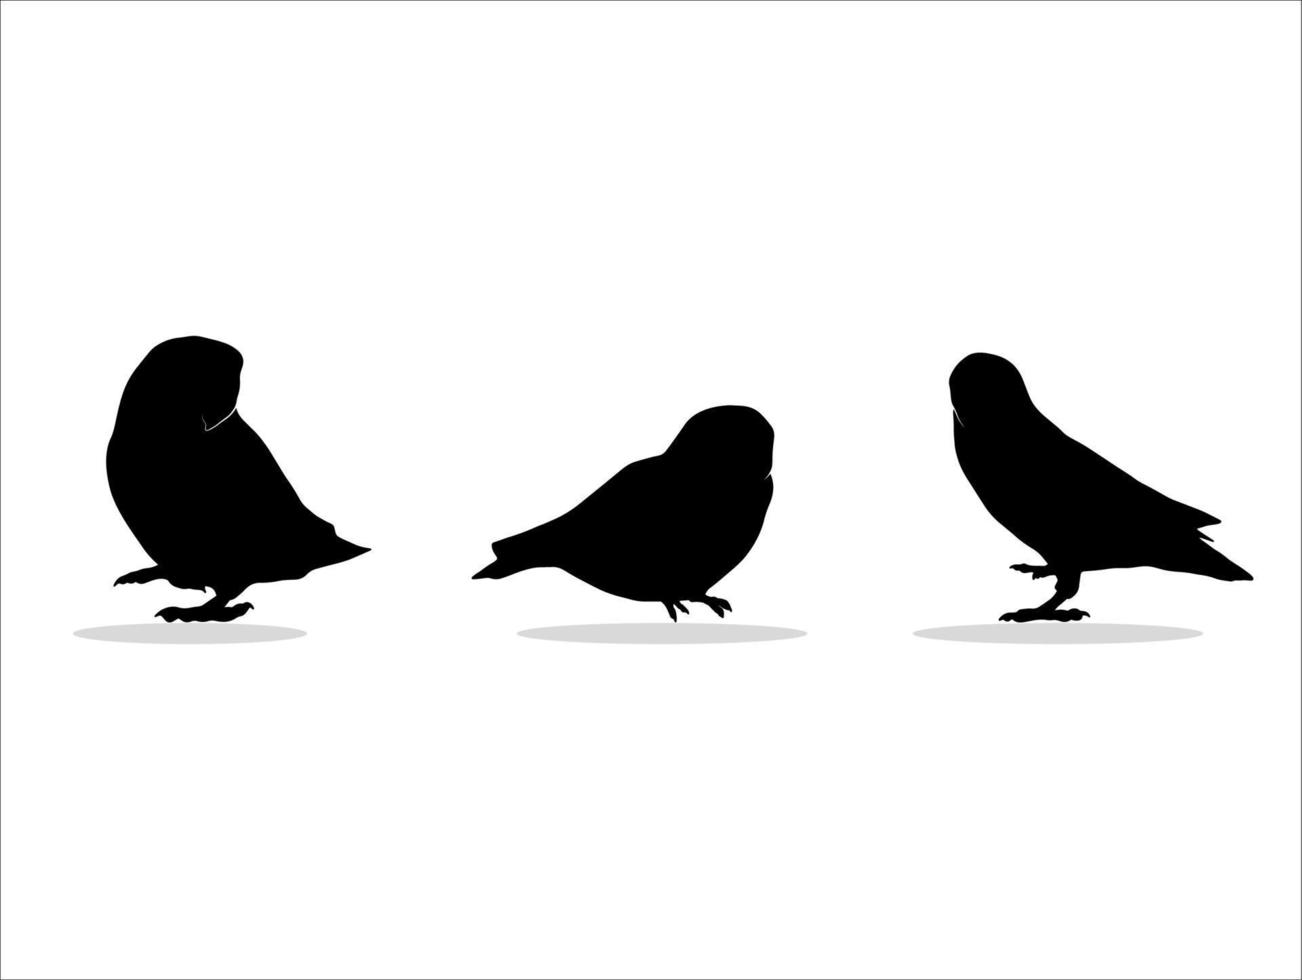 drei silhouette schwarze vogelillustrationen vektor
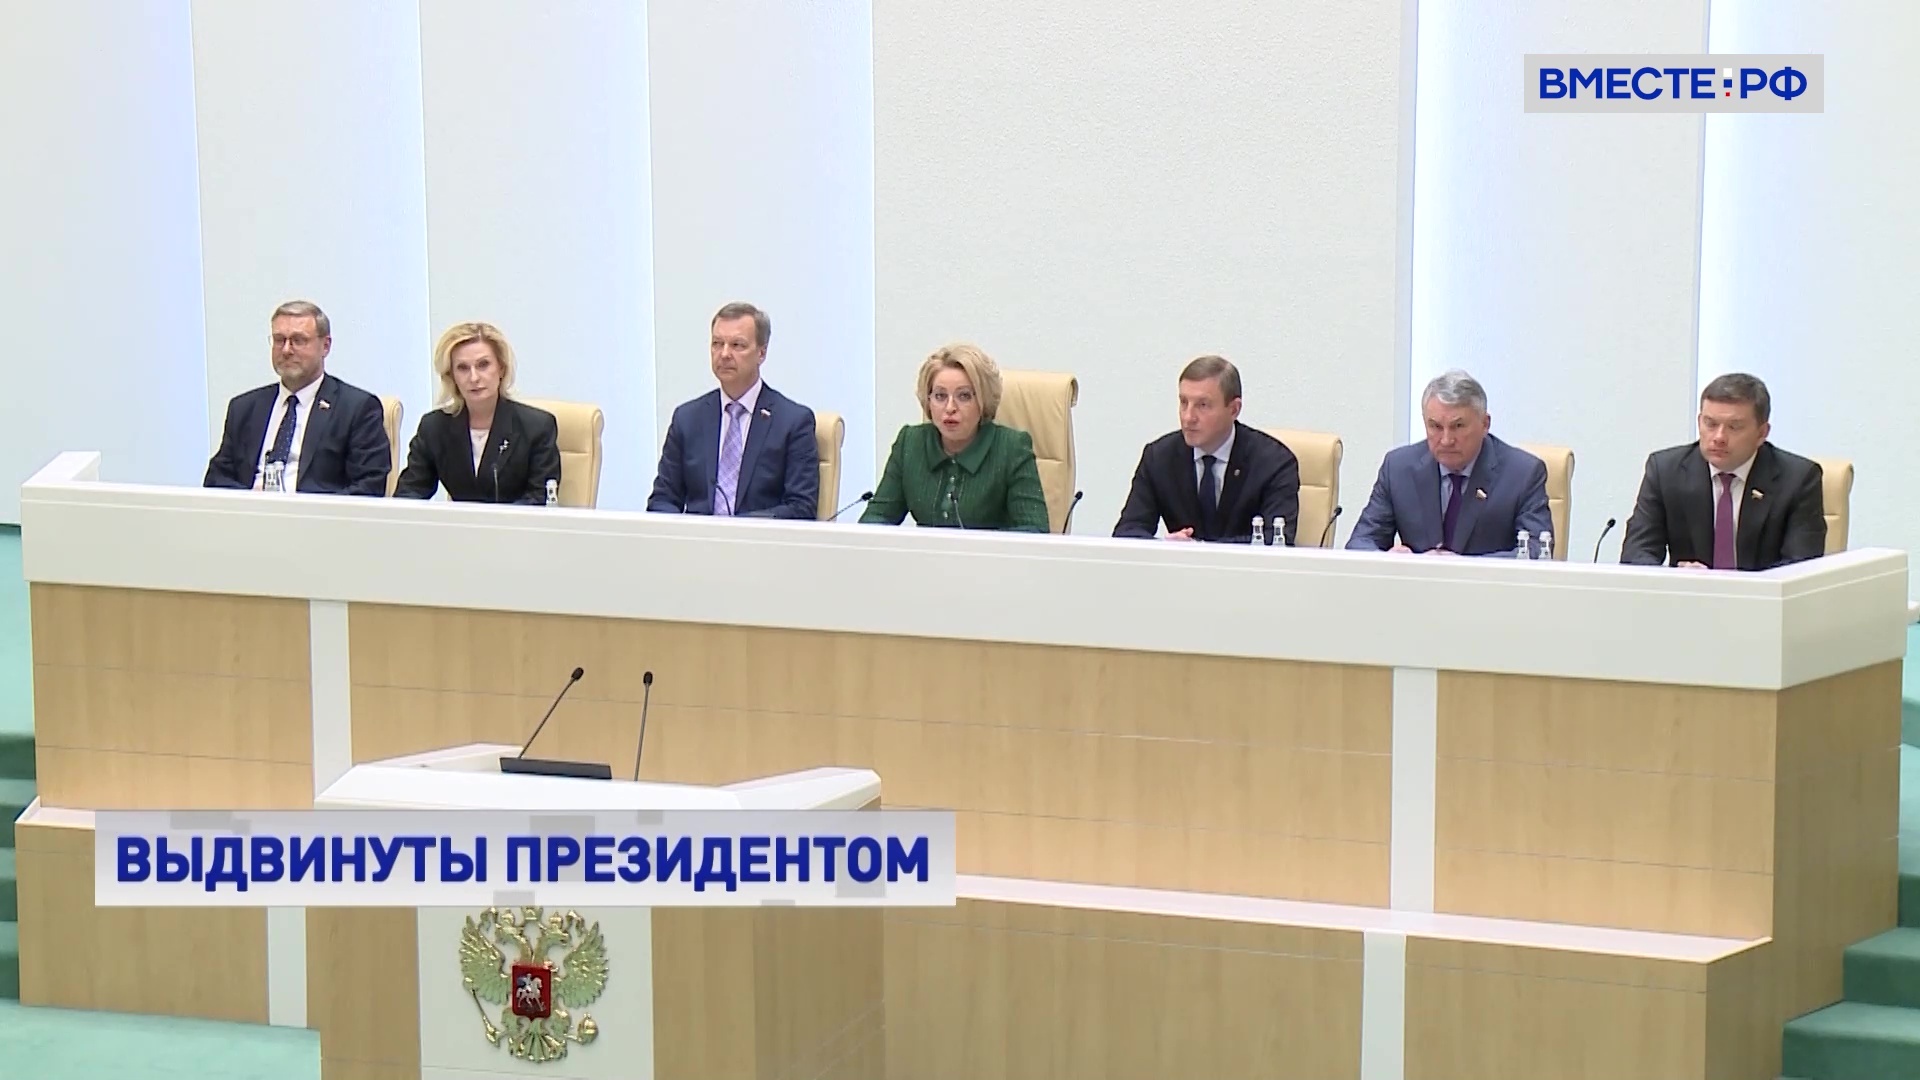 Матвиенко пожелала успехов новому кабинету министров
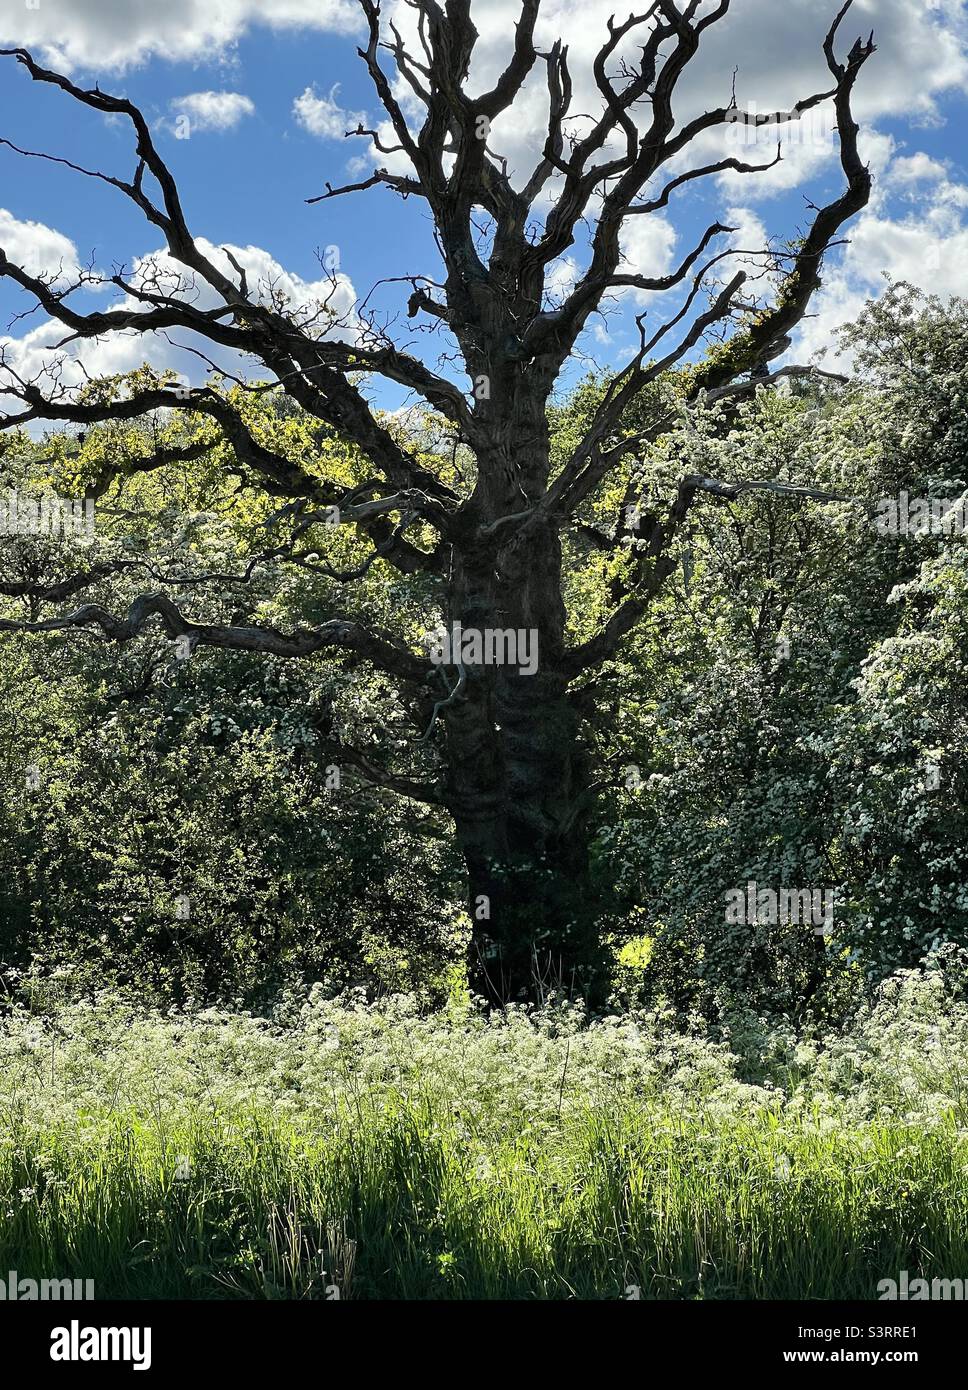 Dead oak tree Stock Photo
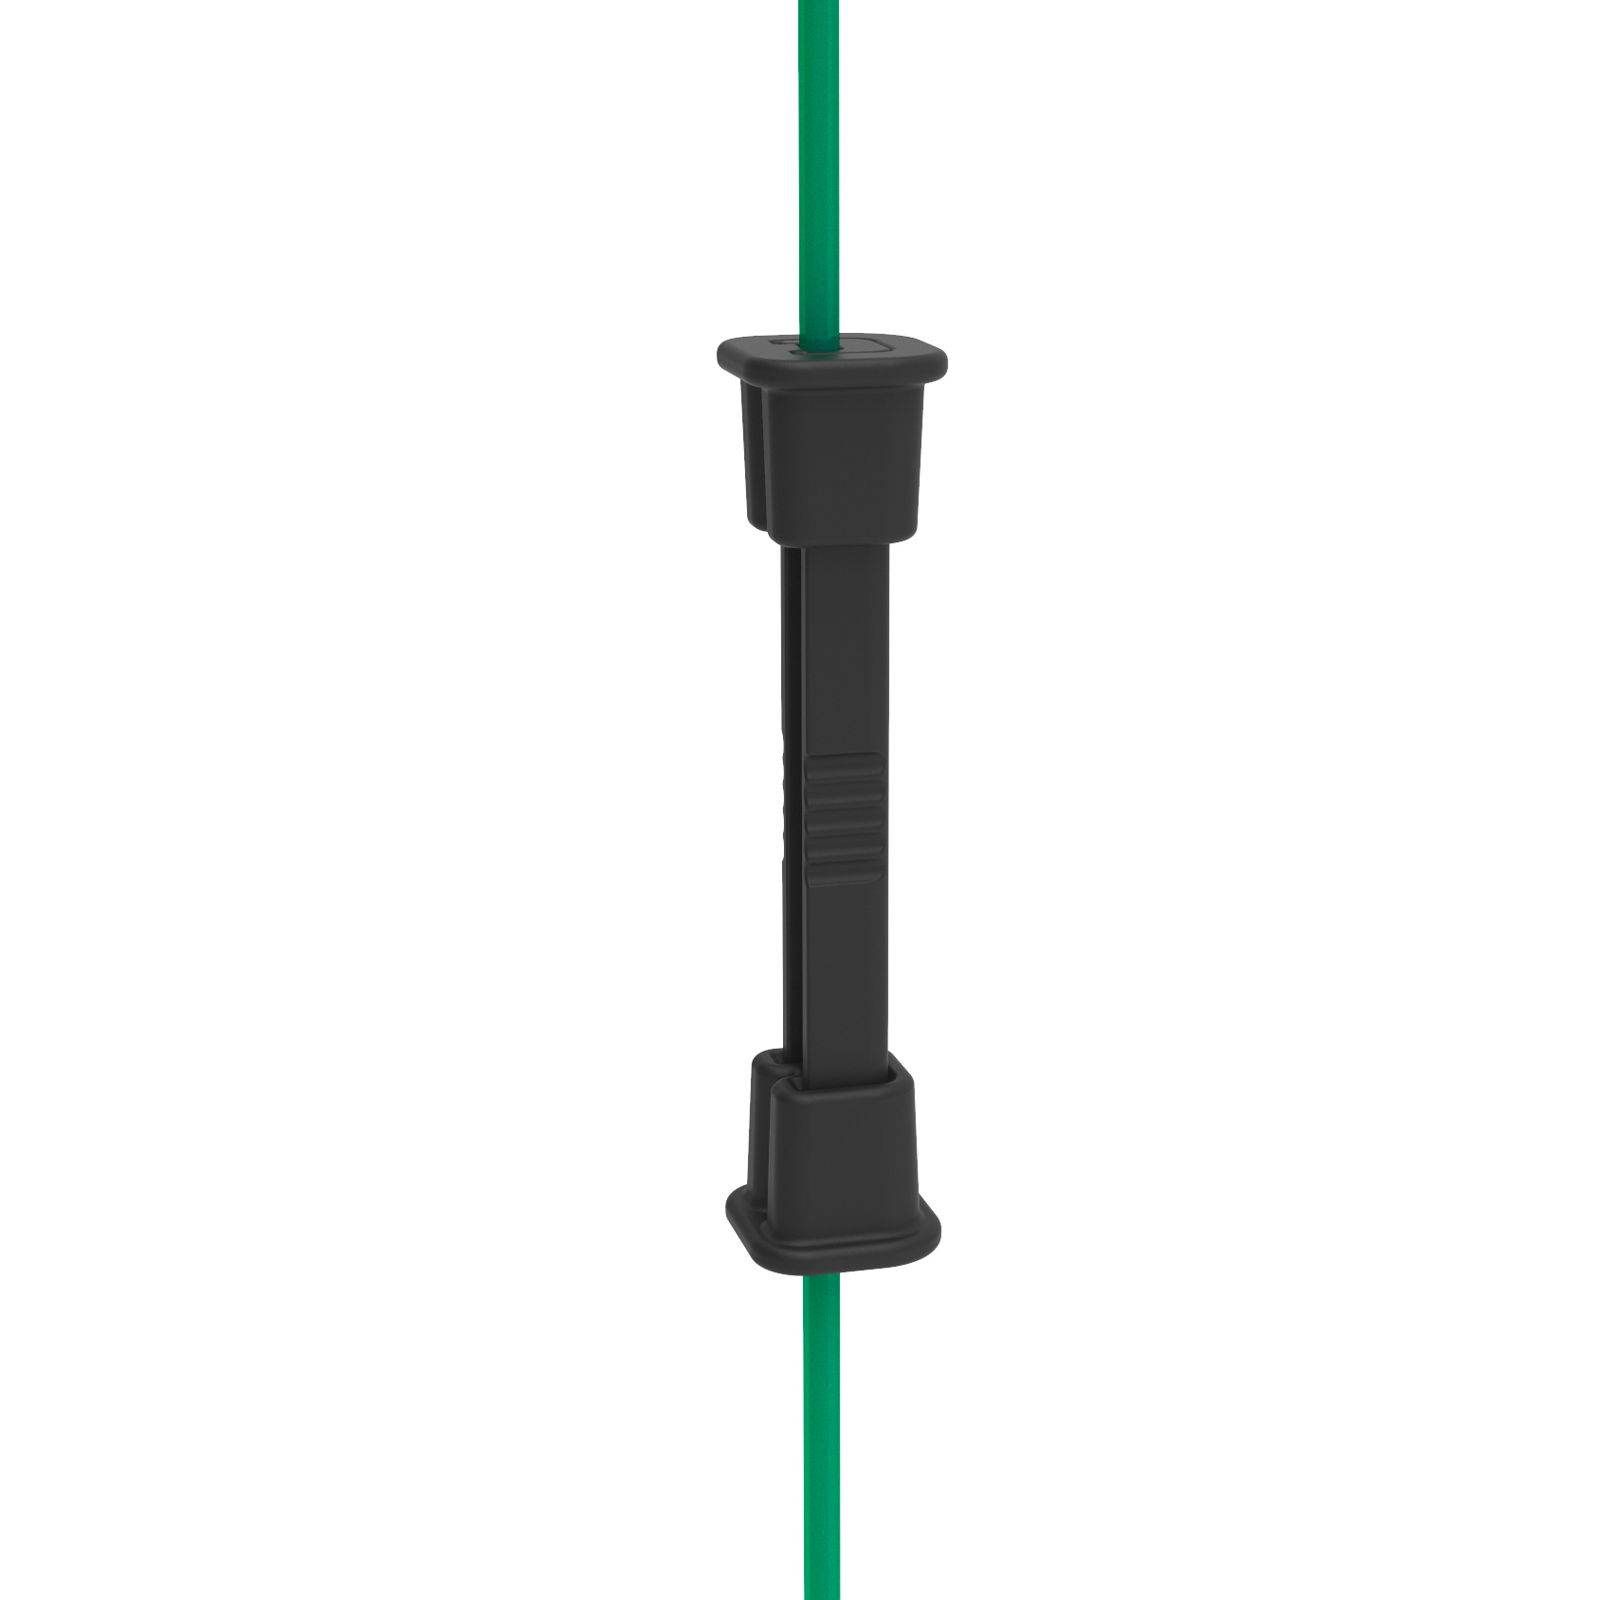 10x Litzclip Vertical Brace Connector for Electric Nets

## Aim of the exercise
Please print the data above once more, exactly as it appears, with no pictures.

## Solution below
 drei silhouette schwarze vogelillustrationen vektor
 Матвиенко пожелала успехов новому кабинету министров
 Dead oak tree Stock Photo
 10x Litzclip Vertical Brace Connector for Electric Nets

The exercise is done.